Thanks. I guess I better leave it alone. It just seems odd I can’t print this small barrel faster than 1000mm/min. The one large enough to hold pens and pencils will take over four hours to print!

I am going to draw one myself to see if it is any better.

It has been a good learning experience.

Jerk (not the actual physics term, which is the second derivative of velocity) has to do with how fast an axis makes a direction change. It should only affect your overall speed unless you make significant changes but small changes could have a big impact on the type of issues you are dealing with. Don’t mess with it if you are not comfortable.
-Jesse

Thanks, I am comfortable with it, plenty of experience with BIOS’s and firmware (computers) but don’t want to go making changes if it is not really a good idea or hard yo undo!!

I think Perry indicated a re-flash my be needed to undo. If it is simply running the flashprint and doing the firmware upgrade again then no problem!

I am going to post a pic from RepG of the acceleration page and see what you guys think and advise!

I see a button for “fine print” and it seem to change only the first two items “max acceleration” settings down to 2000.
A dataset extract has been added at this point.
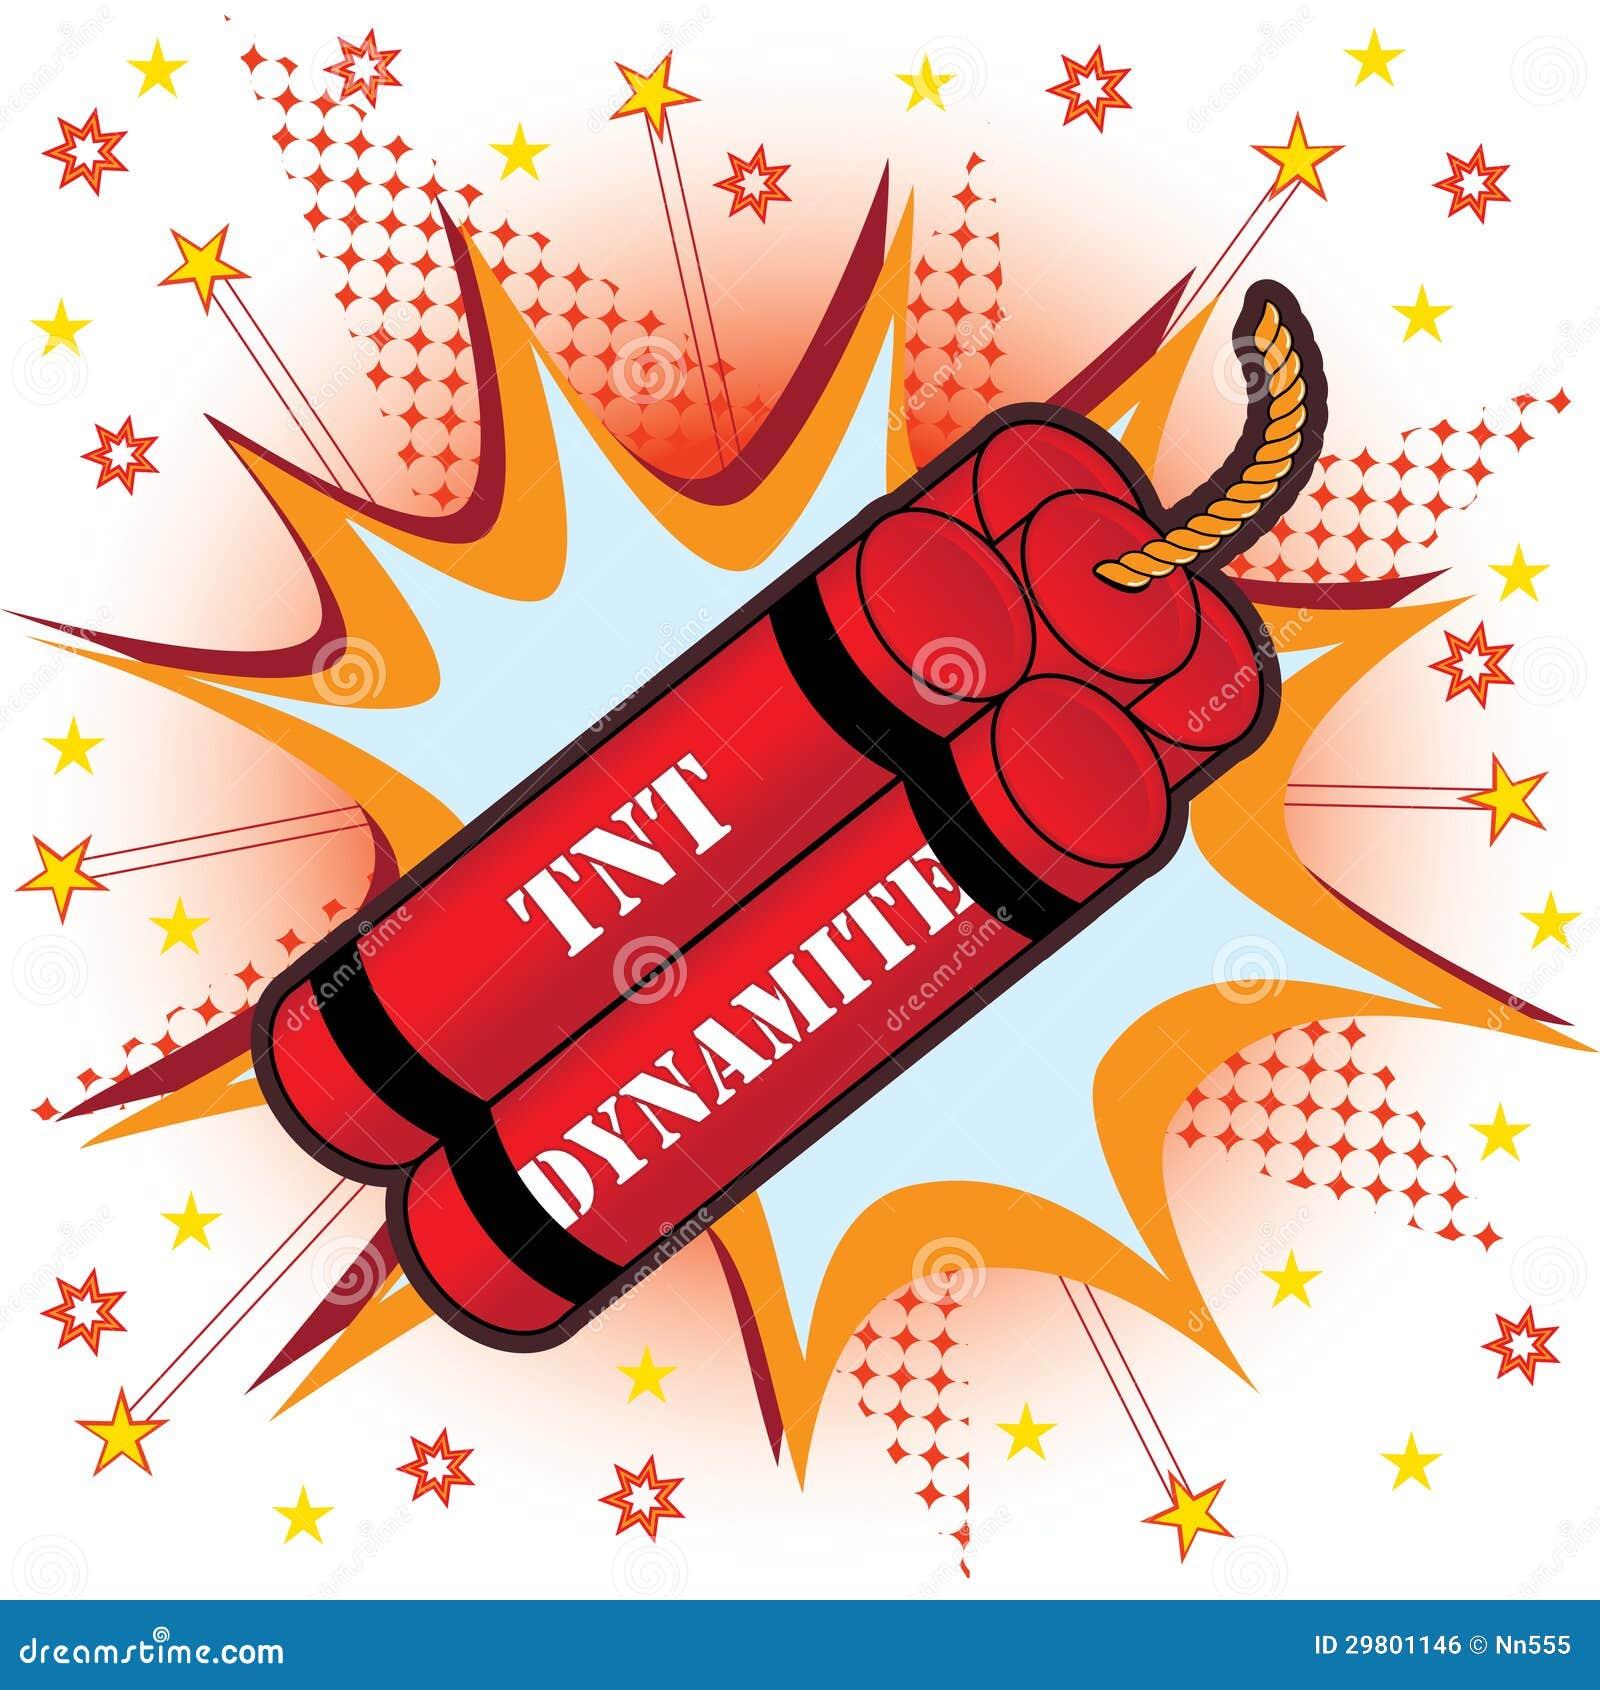 alfred nobel dynamite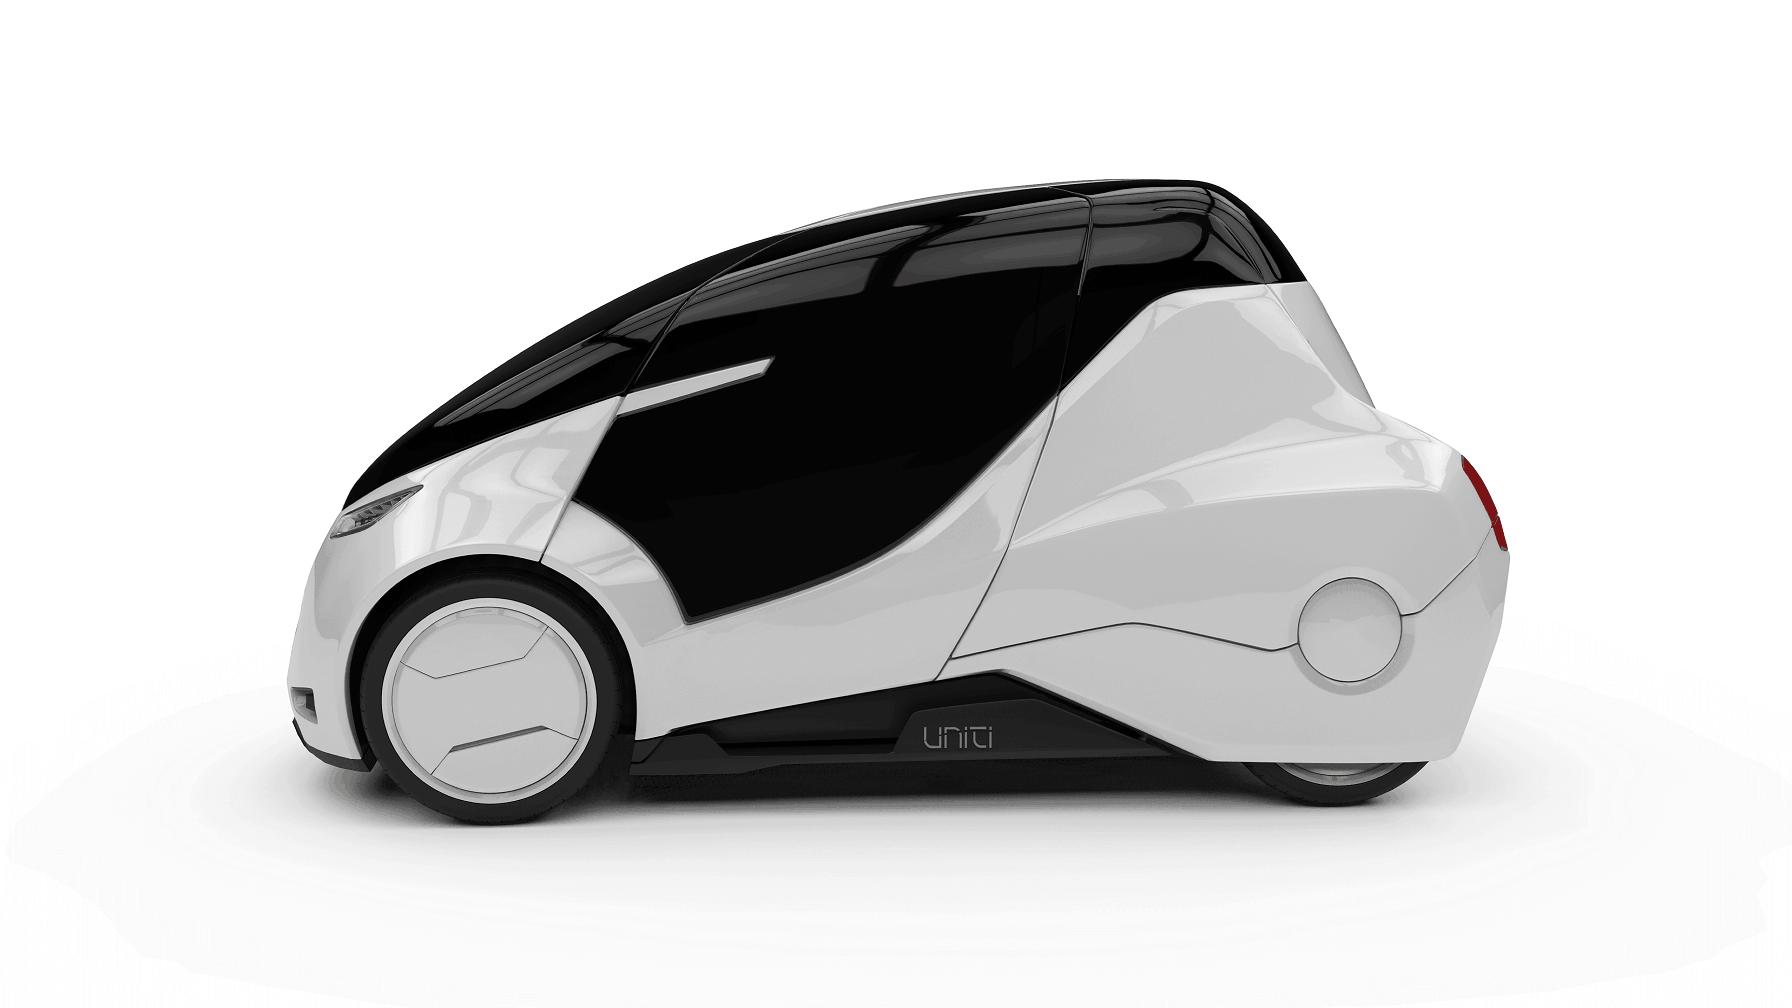 Schwedens Auto-Revolution: Das Elektroauto von Uniti

I would be ok with going in the direction of “fine print” settings as long as it doesn’t bring the overall speed to a crawl!!
RepG Acc.png

Thanks, I really do appreciate all of the help and advice. I have found that I am able to offer simple advice now to those who are newer at this than I am because guys like you guys take the time to help me understand this whole process better and improve my knowledge and prints.

Looks like “max speed change” is the equivalent of “jerk” on marlin but I would defer to @perry_1 on this because he has more experience with the specific firmware/software you are using.

For the most part, forums like this and endless tinkering got me to where I am. I’ve tried to offer as much info as I could on this thread specifically because of your previous contributions in the forum. Happy to help someone who helps!